The method for producing the organopolysiloxane containing a quaternary ammonium salt, which is the main component of the underwater antifouling coating composition of the present invention, comprises (A) α, ω- represented by the following general formula (5).
It can be obtained by subjecting dihydroxydimethylsiloxane and (B) to a dealcoholation reaction with a quaternary ammonium salt-containing trialkoxysilane or a quaternary ammonium salt-containing dialkoxysilane represented by the following general formula (6). This manufacturing method has already been filed as a prior application by the present inventors (Japanese Patent Application No. 11-313778).
issue).

Embedded image (Where R ¹ and p are the same as above)

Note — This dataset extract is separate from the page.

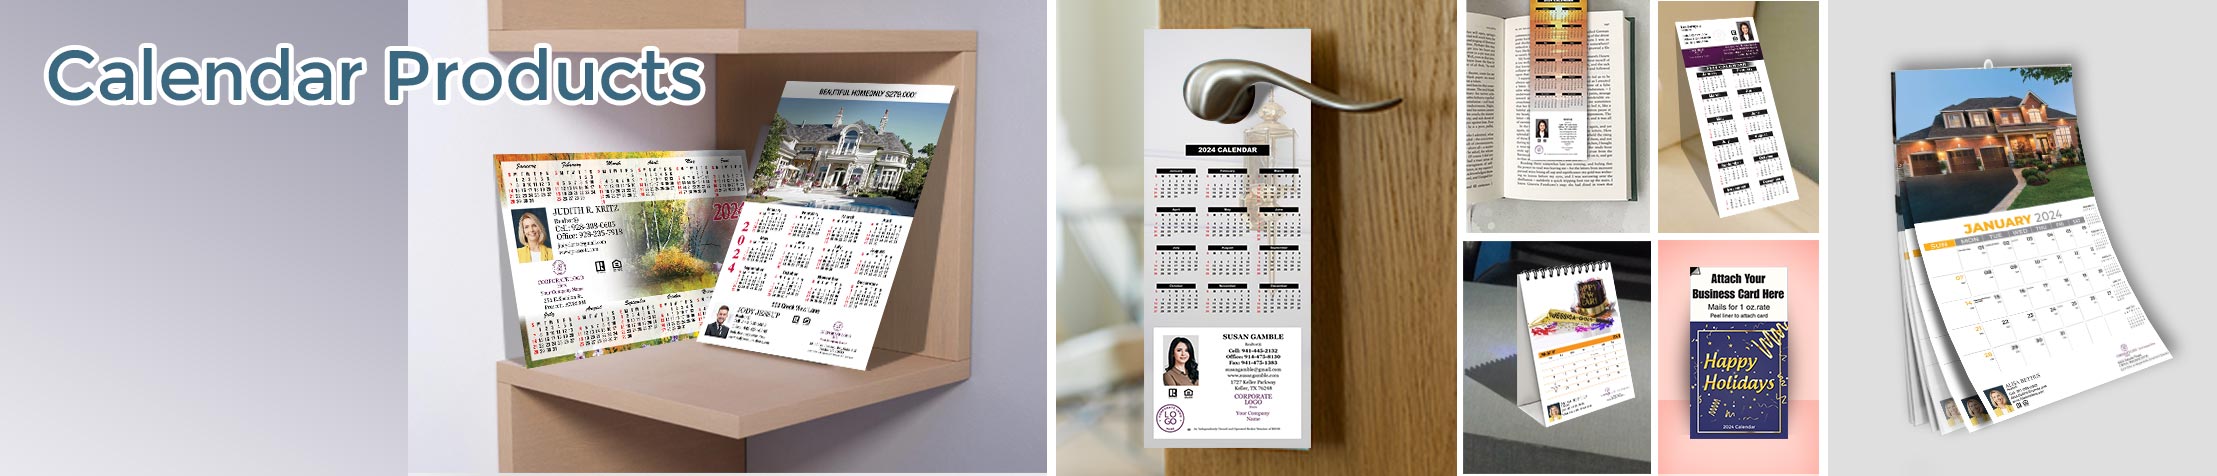 Berkshire Hathaway Real Estate Calendar Products - Berkshire Hathaway  2019 calendars, magnets, door hangers, bookmarks, tear away note pads | BestPrintBuy.com

Embedded image (Where R ¹ , R ² and R ³ are the same as above)

The trialkoxysilane or dialkoxysilane containing the quaternary ammonium salt is also industrially produced in large quantities as an alcohol solution.
An organopolysiloxane containing a quaternary ammonium salt can also be obtained at a lower cost than that obtained by a conventional synthesis method. Furthermore, since alcohol is distilled off under reduced pressure during the manufacturing process, the final product does not contain alcohol, and is excellent in safety.

The quaternary ammonium salt-containing organopolysiloxane is exemplified in Japanese Patent Publication No. 49-11760, but is used as a foam stabilizer. Does not contain the alkoxy group necessary to impart adhesion,
The synthesis method is completely different since it does not utilize a dealcoholation reaction.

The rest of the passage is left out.